That and your spinny umbrella thing and you probably hardly noticed the crappy weather! All I had was a team trailer full of hundreds of tires to rest in

Isn’t the Tahoe more like 5000 pounds than 1/2. Ton towing capacity?

I 100% recommend a toyhauler if you also camp or want to enjoy staying at the track on race weekends. It is very nice to wrap up the work and kick back with a beer around the fire.

Though I will say, I would stay away from any toyhauler with a side ramp. Pits can be tight. You will always have to buy 2 spots if your ramp is on the side. Just my .02

My Son is winding his racing down and heading to college. The toyhauler is now more camper than kart hauler. I’m not as happy as the Mrs is about this :slightly_frowning_face:


You may be right. My Tahoe is the 2 door version with the even shorter wheelbase, so towing capacity is probably less than a normal one? Never owned any form of a trailer before, so I’m pretty new to all of this.

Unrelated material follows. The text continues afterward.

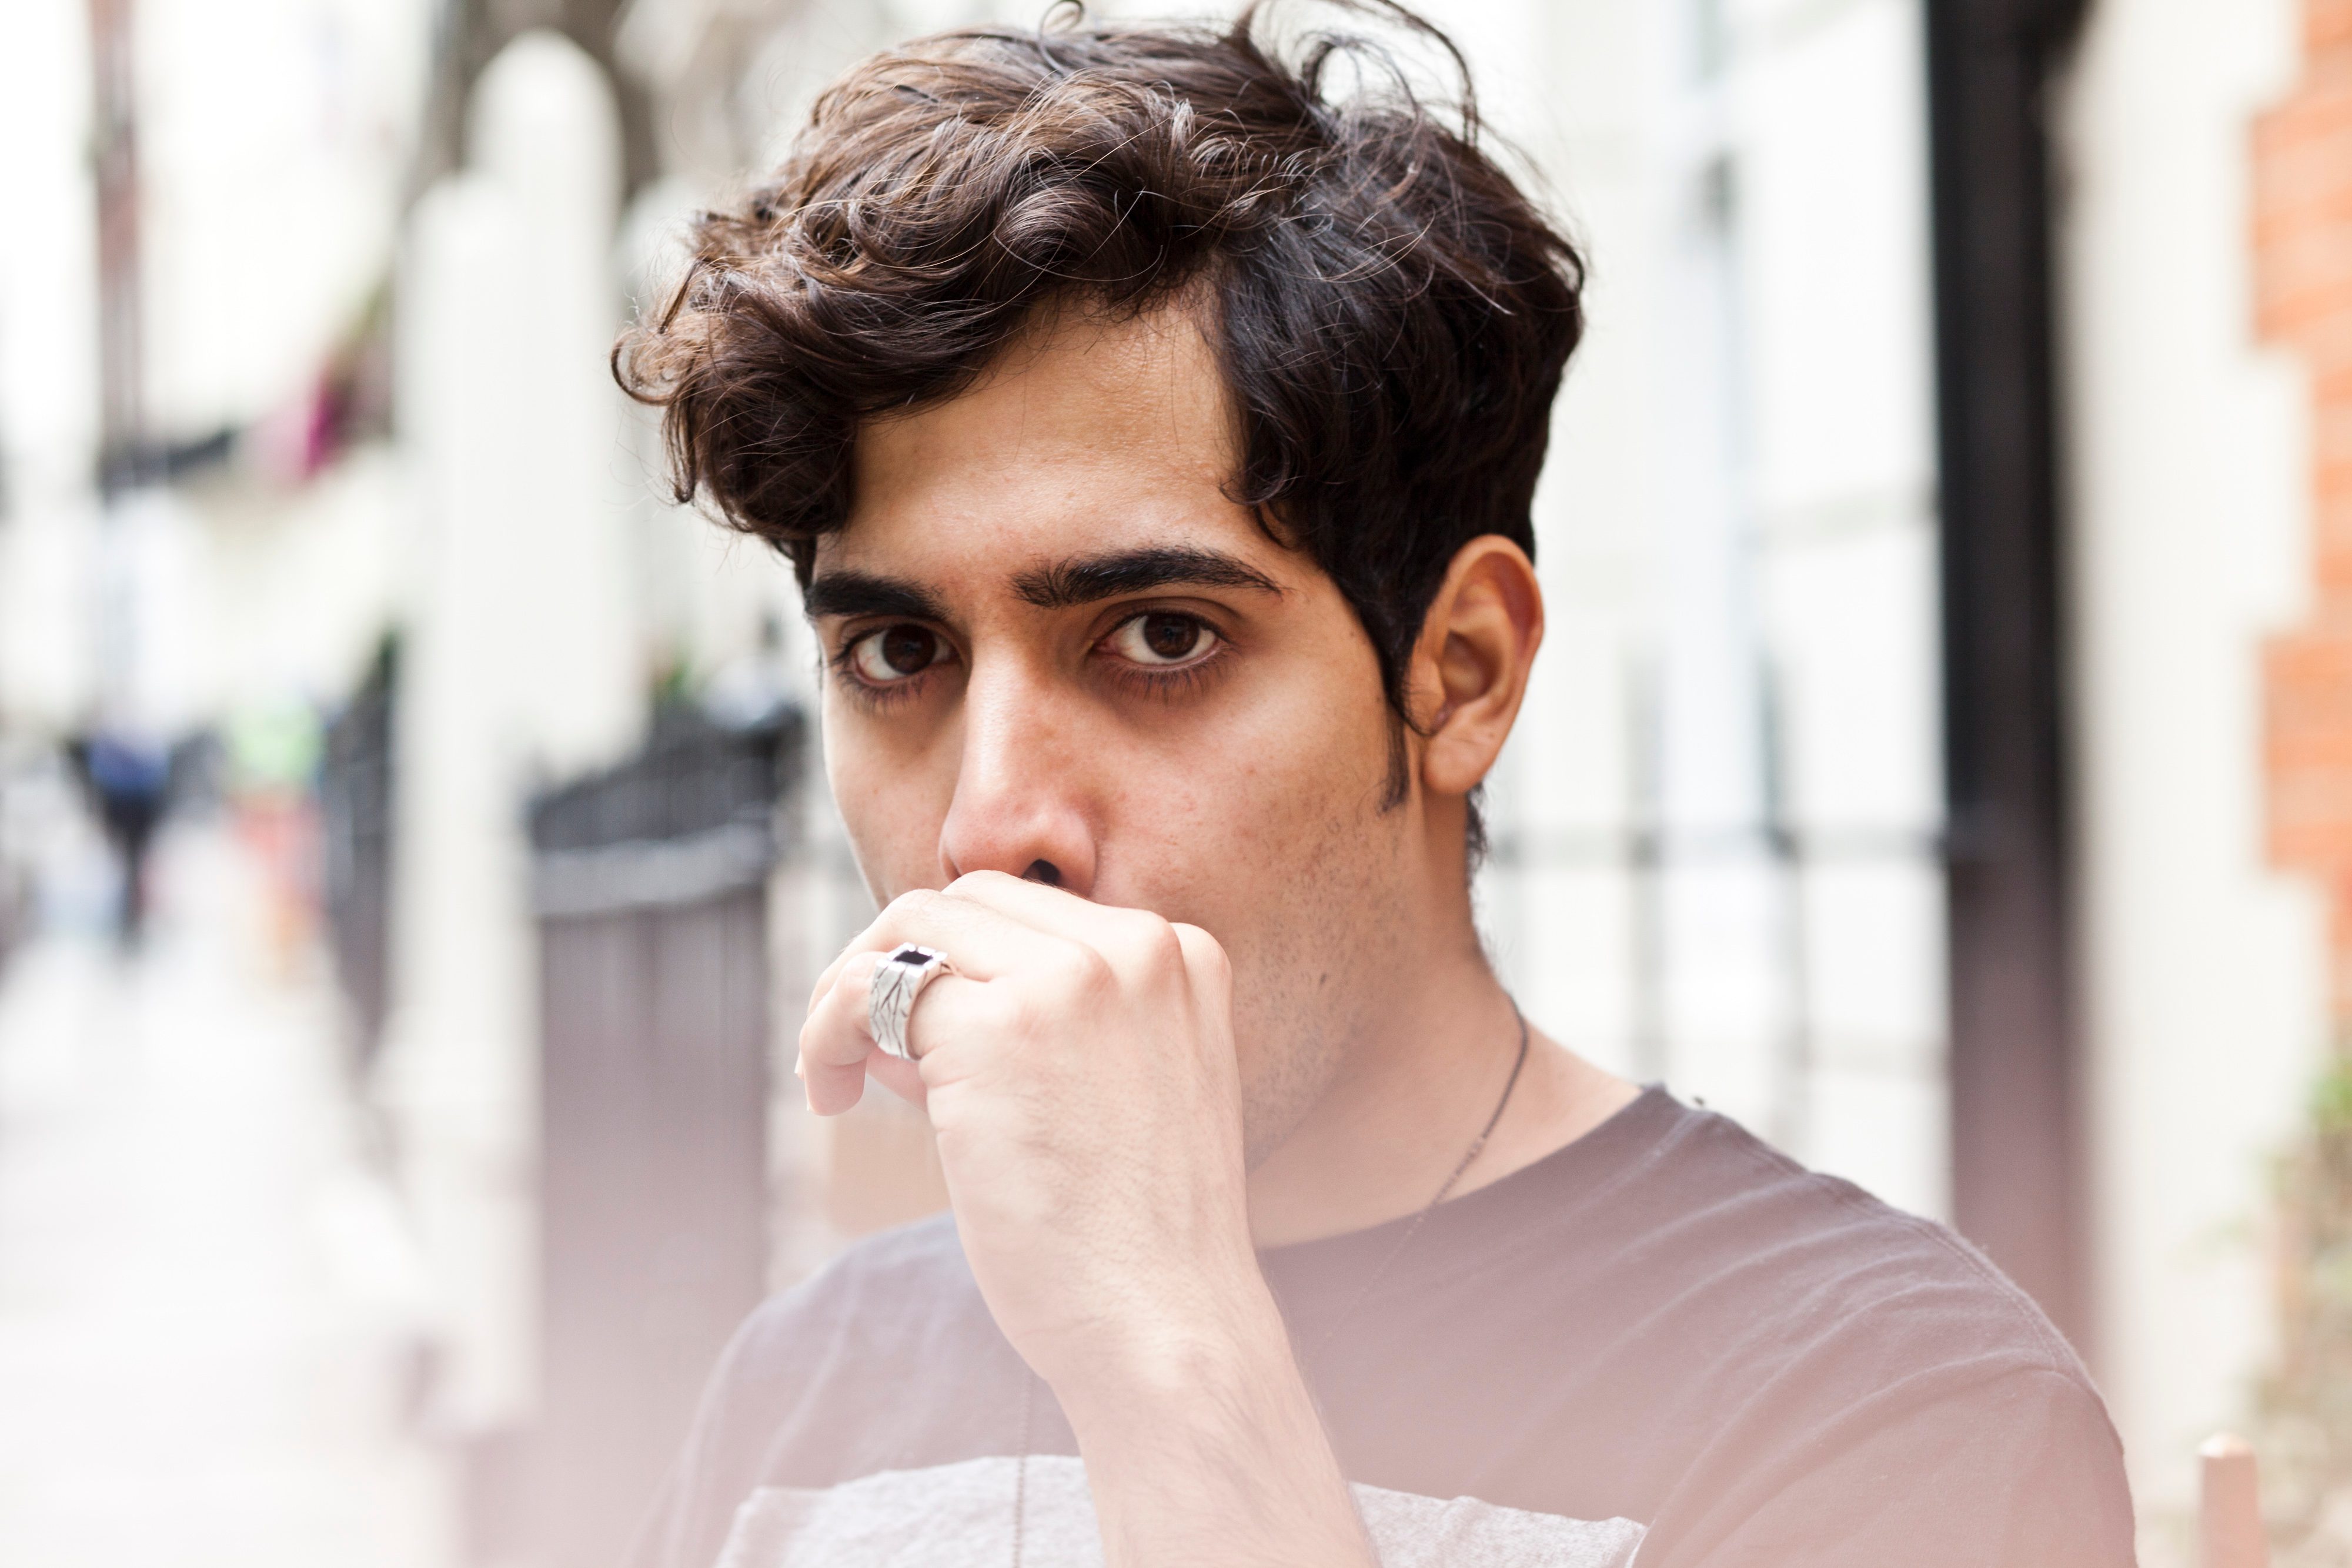 Alan Palomo on his new album 'World of Hassle' and his love for

A part of me wants to upgrade my truck, but I’be had this rig for 20 years and it runs like a top. So I’d hate to part ways with it if I can find a light enough toy hauler to make it work. It old, but its paid for, and I still enjoy driving it. Plus I dropped in a new GM crate motor into it in 2017, but the trans is orginal and never been touched. Its lived a pretty easy life, never towed much, never off roaded. Its more or less a concrete cowboy.

my hoe 1

That an excellent point I never considered. Makes alot of sense.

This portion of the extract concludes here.